(Dataset excerpt begins)
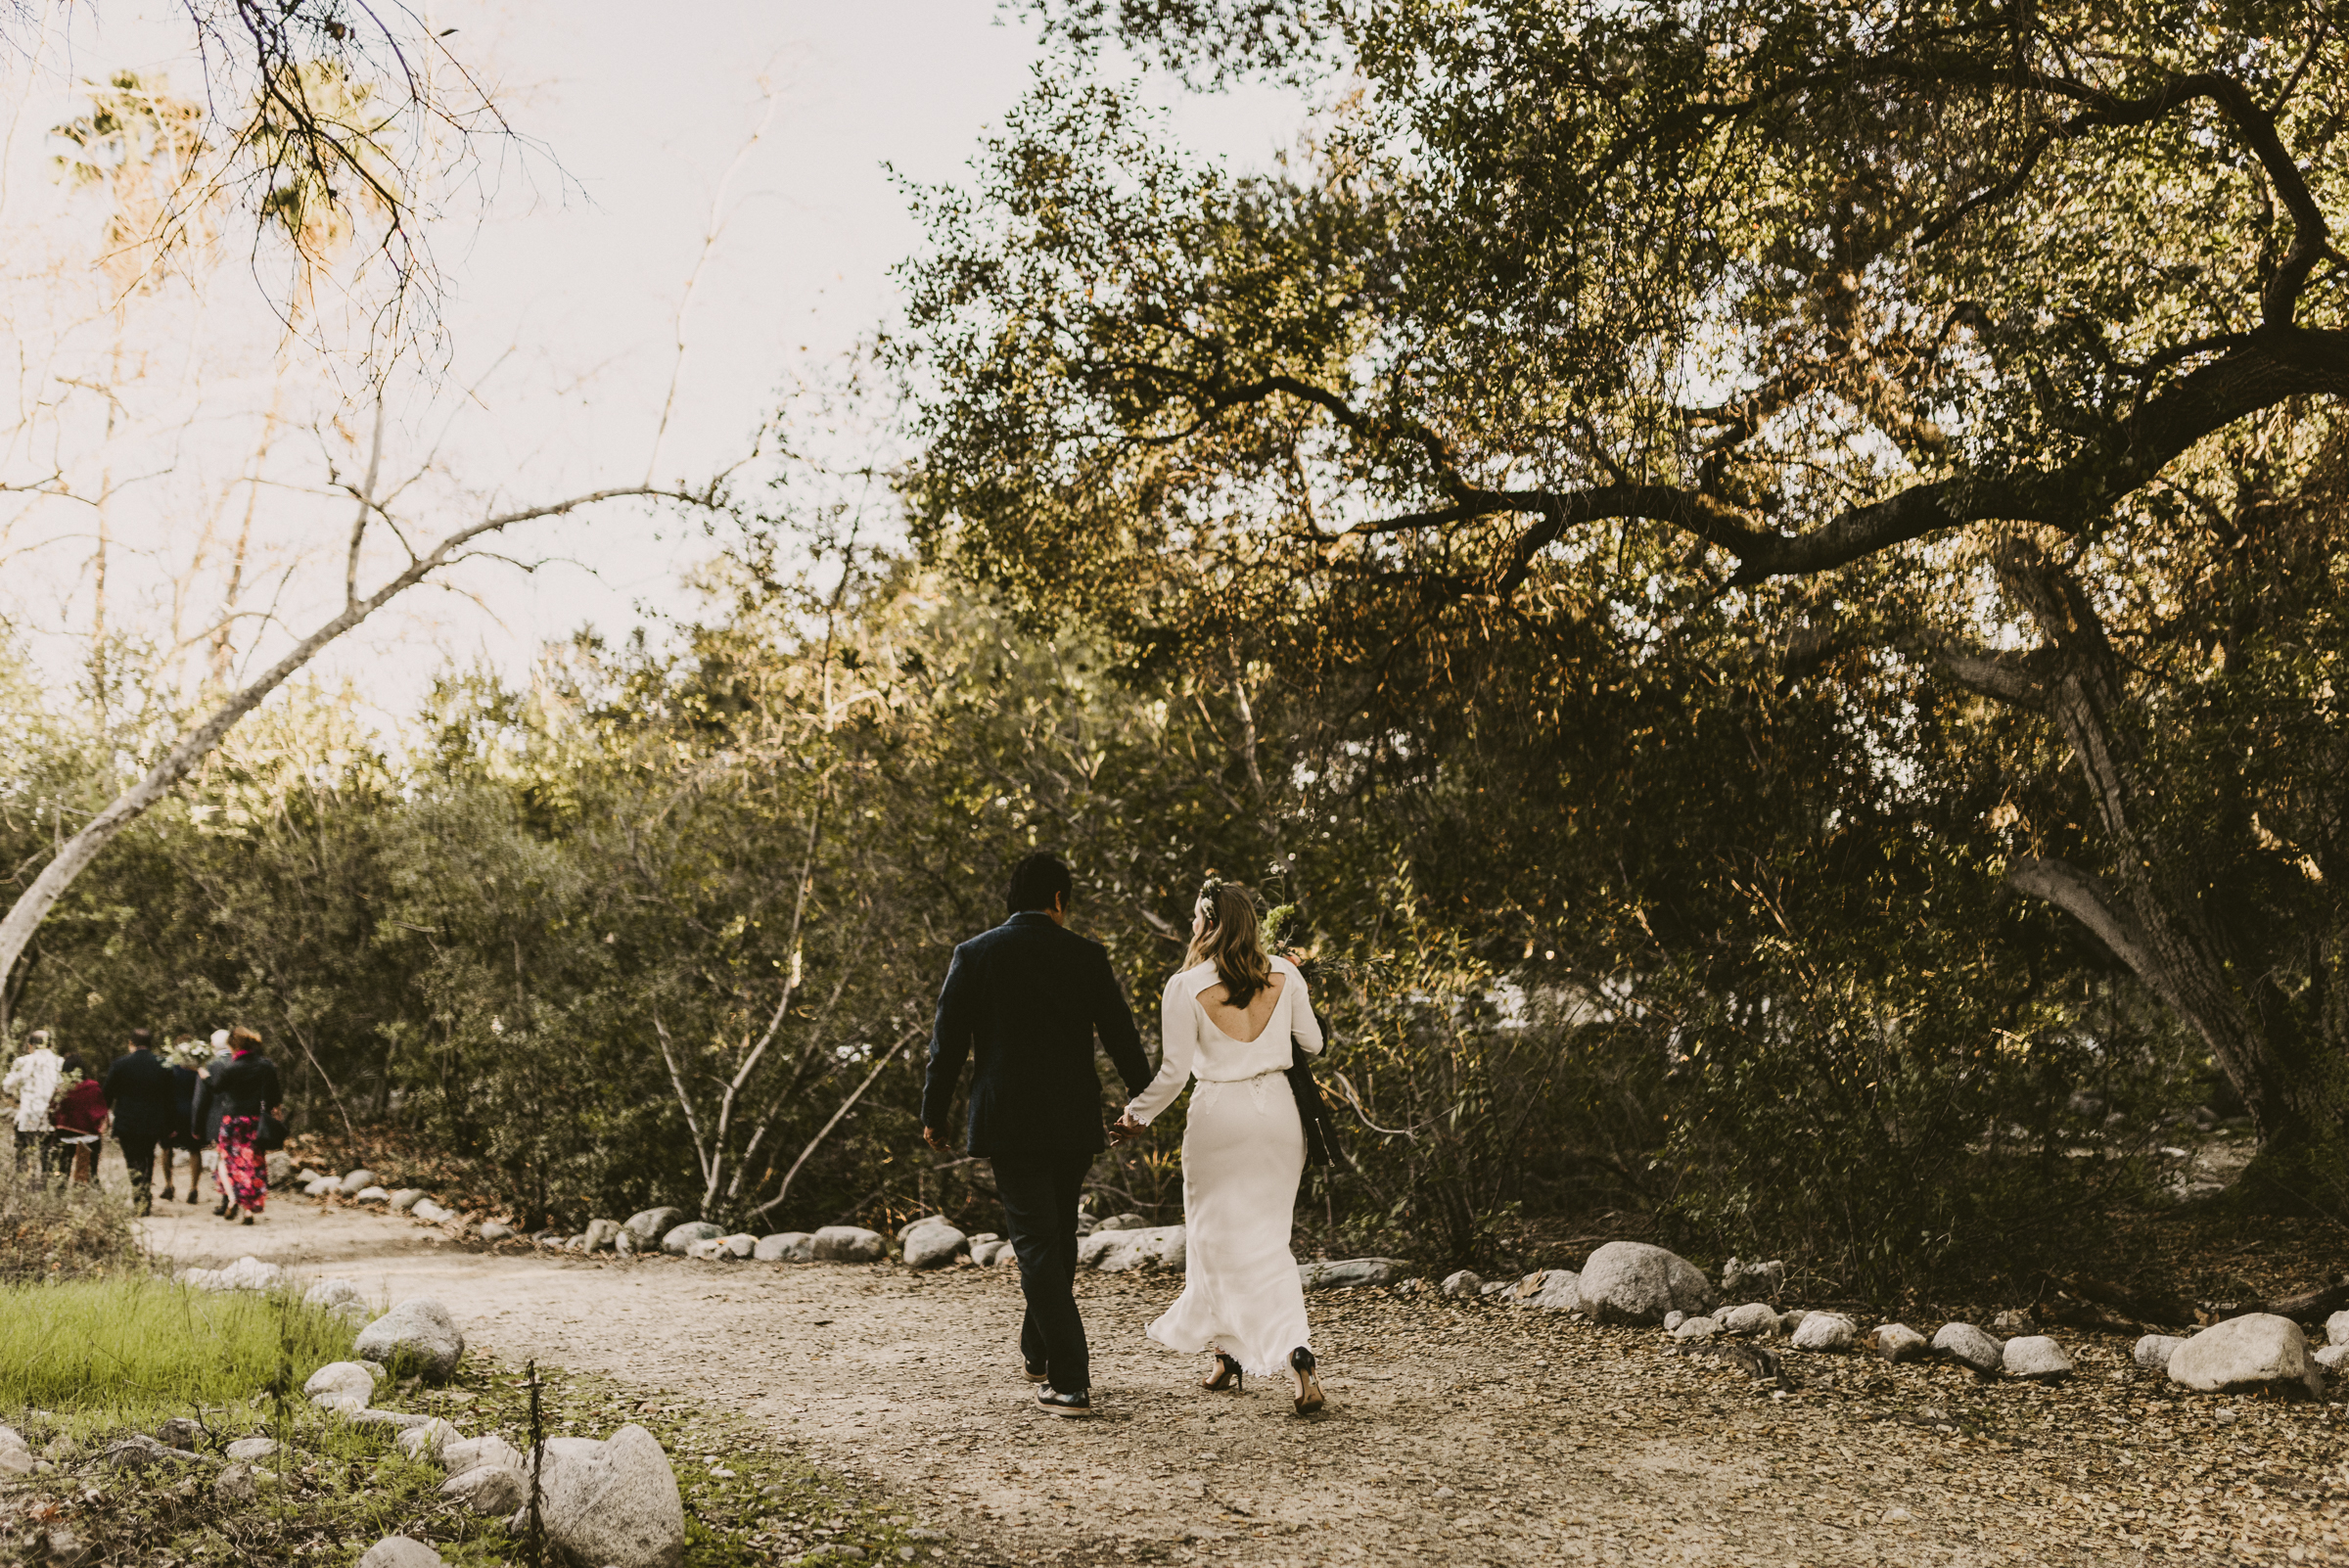 ©Isaiah + Taylor Photography - Intimate Elopement, Eaton Canyon, Los Angeles Wedding Photographer-57.jpg
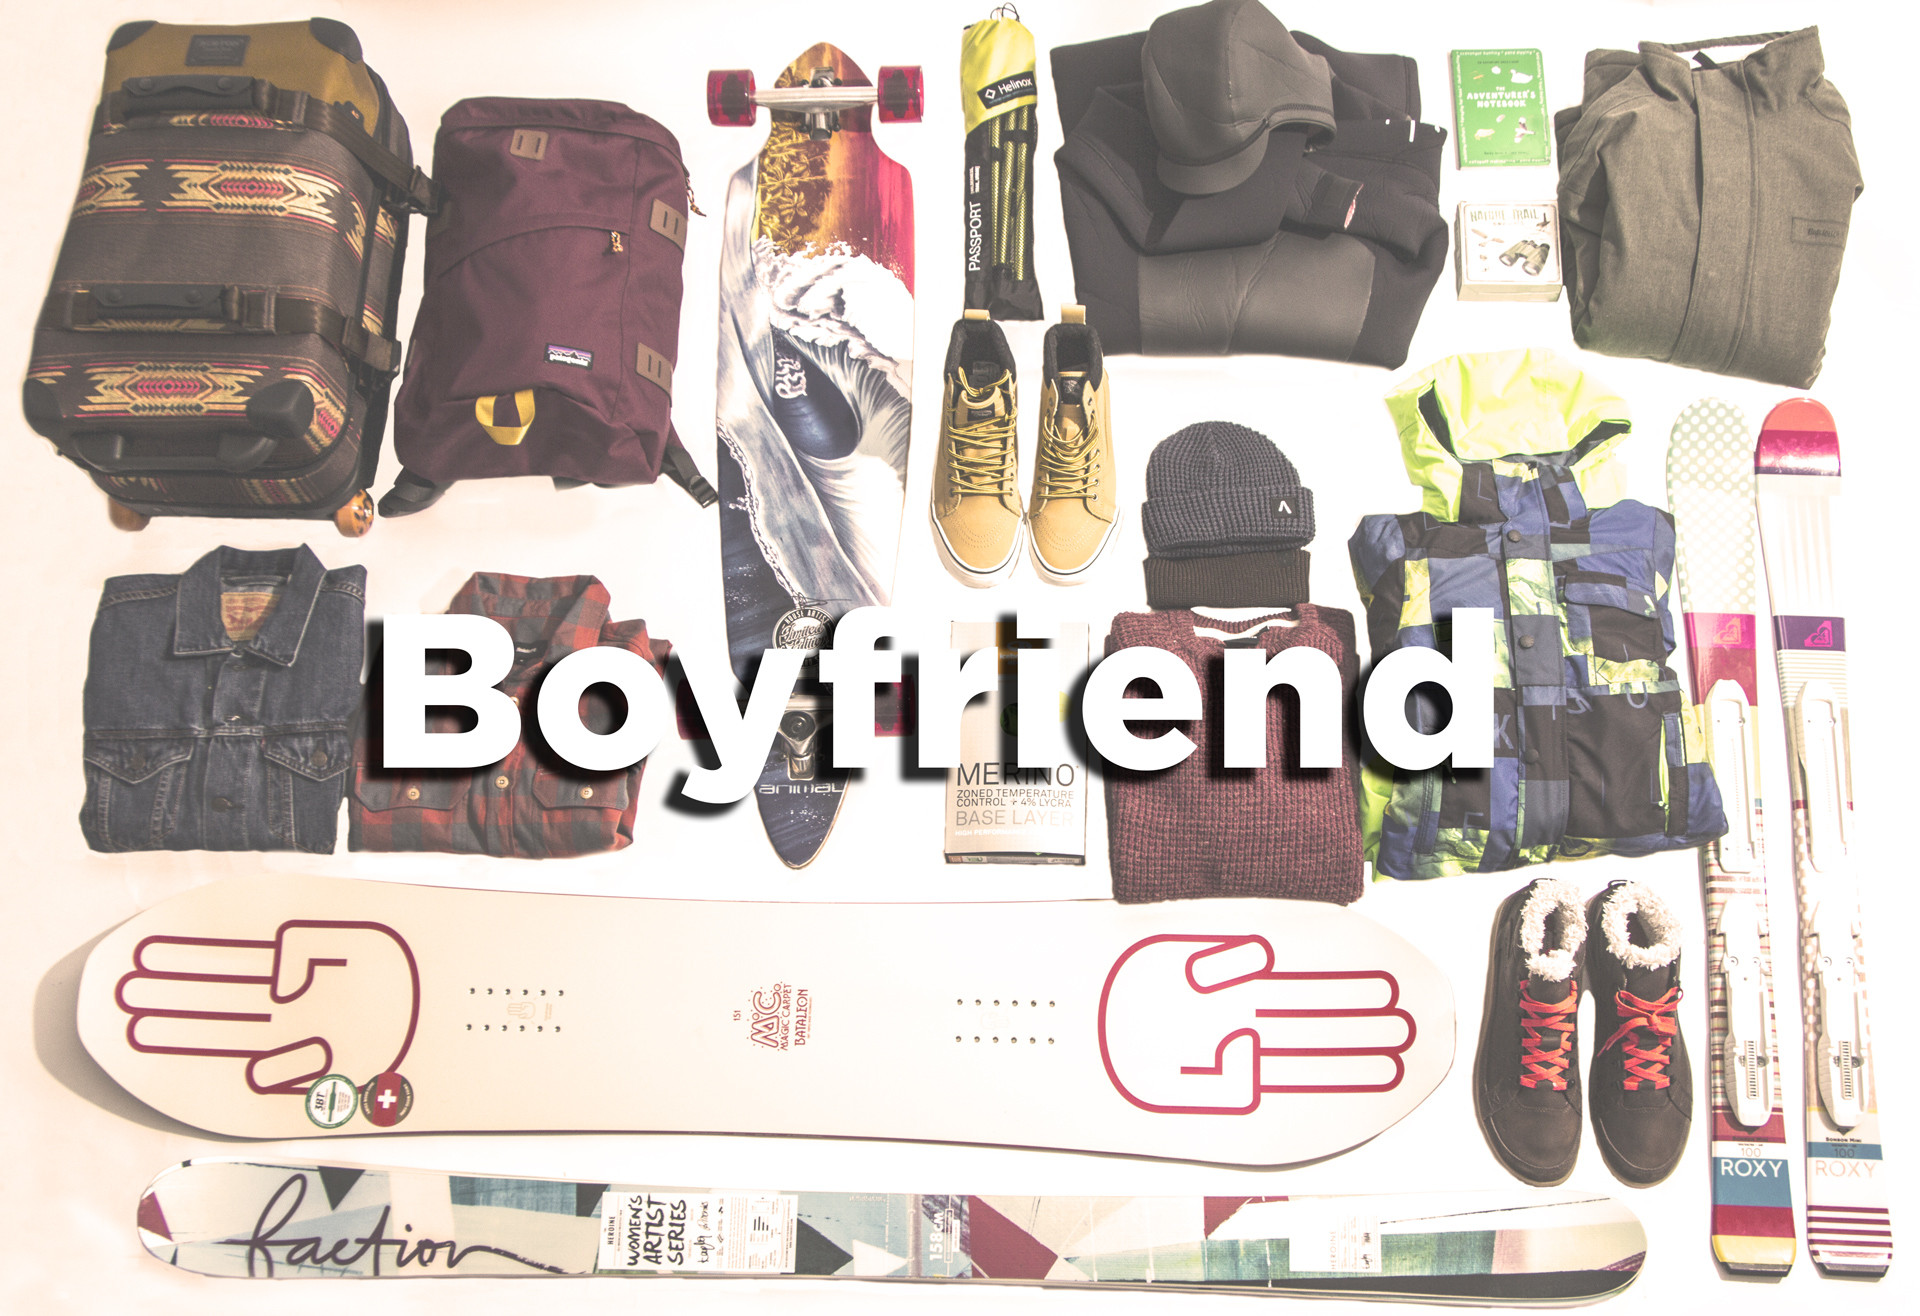 Gift Ideas For Boyfriend For Christmas
 Christmas Gift Ideas For A Boyfriend 15 Great Gifts
(Dataset excerpt ends)
§ **The task**: When repeating the listing, keep each line exact and exclude the pictures.

§ **Solution**:
 ©Isaiah + Taylor Photography - Intimate Elopement, Eaton Canyon, Los Angeles Wedding Photographer-57.jpg
 Gift Ideas For Boyfriend For Christmas
 Christmas Gift Ideas For A Boyfriend 15 Great Gifts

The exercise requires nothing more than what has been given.